Ama Tamina was patient and didn’t seem to resent the children. This surprised Basir. He knew Zeba had always thought Tamina did not care for her. Visits to Tamina’s home were short and infrequent and Tamina’s visits to their home were even shorter, formalities really, so that the world could not say the families had become estranged from each other.

Basir’s older aunt, Ama Mariam, stopped by often. She was much more vocal about her brother’s murder and lamented his death enough to make up for Ama Tamina’s restraint.

“Has she forgotten what I did when you were born? I brought her food for the forty days when she was zacha and not supposed to lift a finger. I was there to take care of her and her home. I showed her how to swaddle you. I made tiny mittens so you wouldn’t scratch your face. She didn’t know how to do any of these things! And this is how she shows her gratitude after all our family did for her?”

Basir couldn’t find the words to defend his mother, nor was he sure he wanted to.

“Leave the kids out of it, Mariam,” Tamina implored. “They’ve been through enough.”

“They should know what she’s done!” Mariam would say, the words firing from her mouth like artillery. “She’s destroyed their lives! They’re going to have to live with that.
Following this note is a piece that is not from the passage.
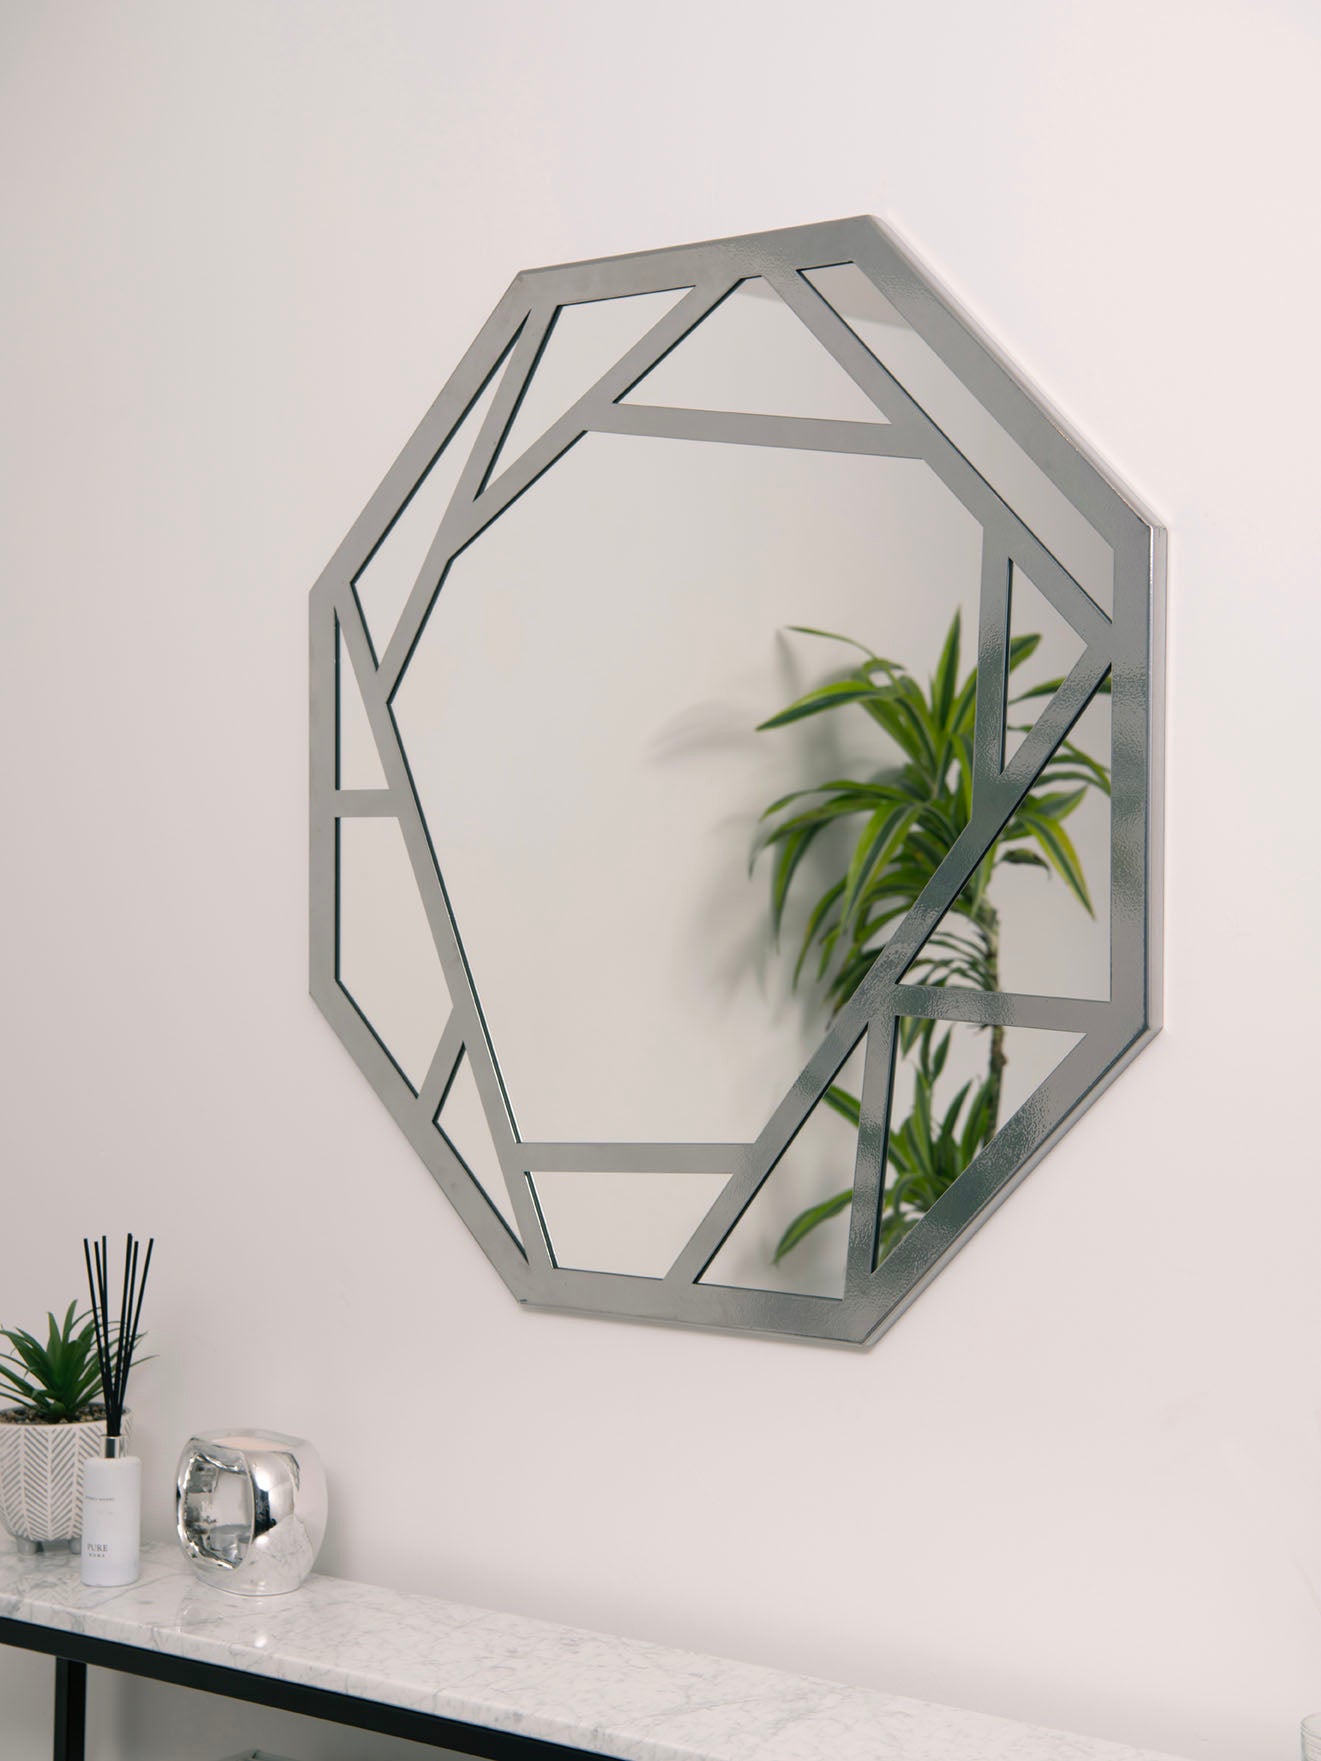 Abstract Geometric Wall Mirror - RESS Furniture Ltd. Chrome
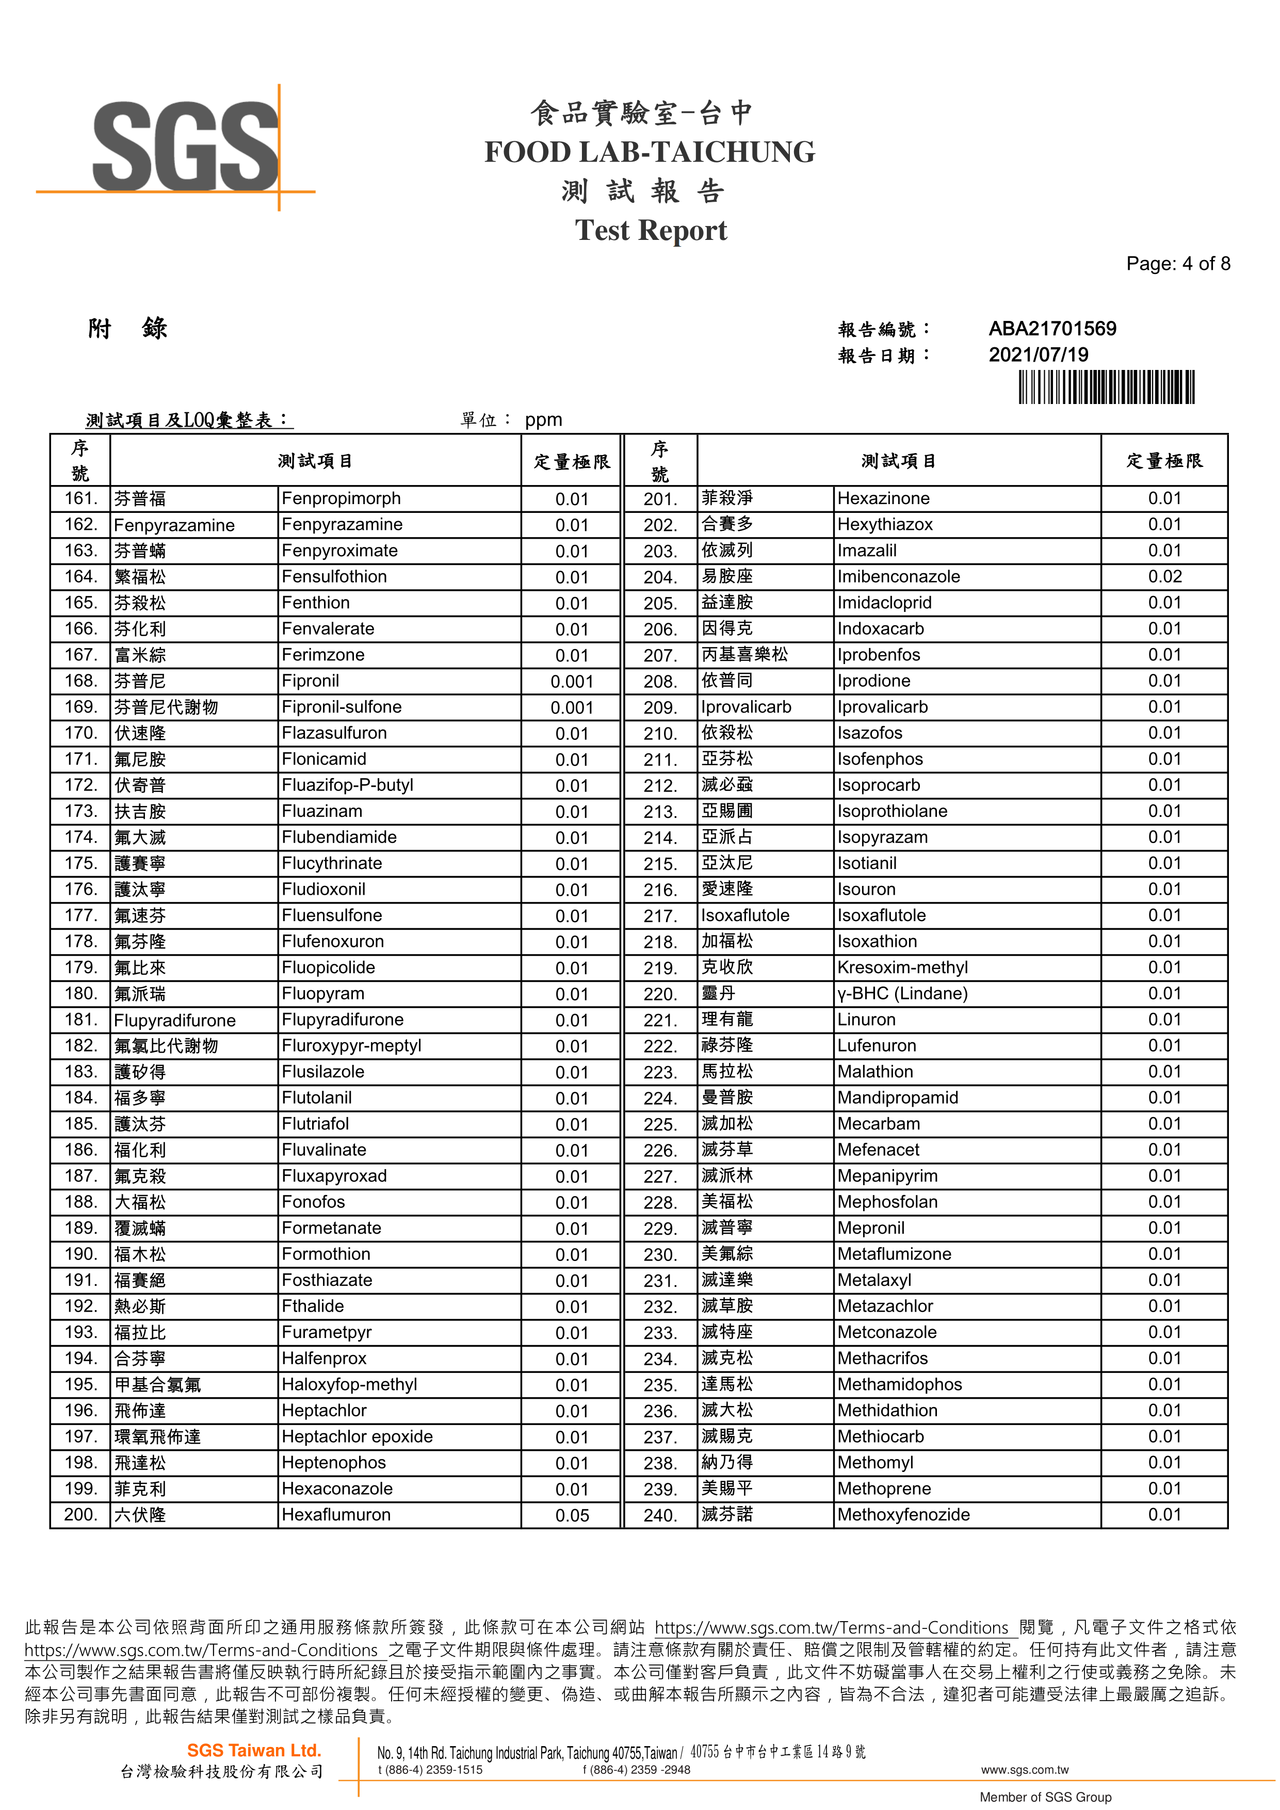 貝貝吻魚寶寶粥-農藥殘留380檢驗報告2021.07.19

I hope they hang her!”

Basir was thankful his father had decided to move his family into a different part of town after he’d quarreled with a few relatives, including Kaka Mateen.

The village was large enough that families could grow apart but small enough that everyone in town would talk about it if they did. People came to know Kamal as the troublesome brother, the one who could be spotted around town intoxicated from time to time. He was the stain on their family name, though Ama Mariam would defend him if anyone should dare speak of his trespasses.

Still, even she kept her distance.

Basir had heard his mother mumble about something she called the darkness, but he didn’t believe in it. He knew only that his family was different. He heard foul whispers about the kind of man his father was and wondered if the stink of it stuck to his skin. He watched his mother out of the corner of his eye, saw the way she examined their vegetables with distrust. He knew she hovered over him in the night, brushing at his chest and pretending to smooth his blanket when he stirred. He saw the way she fussed over his sisters, washing their skin until they were red and raw, then apologetically slathering them in soothing oils. He saw the way she watched his father, her eyes skirting over his clothes, checking for something she never talked about. Though her behavior was peculiar, Basir loved his mother deeply. When his father raged, she made herself wide as a tapestry so that his hands would strike only her.

When Basir was eleven years old, he’d gone with his father to a nearby farm to get a freshly slaughtered lamb. It was Eid, the holiday that marked Abraham’s willingness to sacrifice his son for God and the ransoming of a lamb in his son’s place. He watched the farmer drag a lamb by its two hind legs toward the slaughterhouse, a shed with metal hooks hanging from a horizontal beam, a butcher’s knife thick with dried blood and an earth floor that had been a killing field. As if the lamb knew precisely what lay ahead, its eyes bulged from its cottony head like soap bubbles. The lamb bleated loudly, its two front legs raking at the ground in futile protest.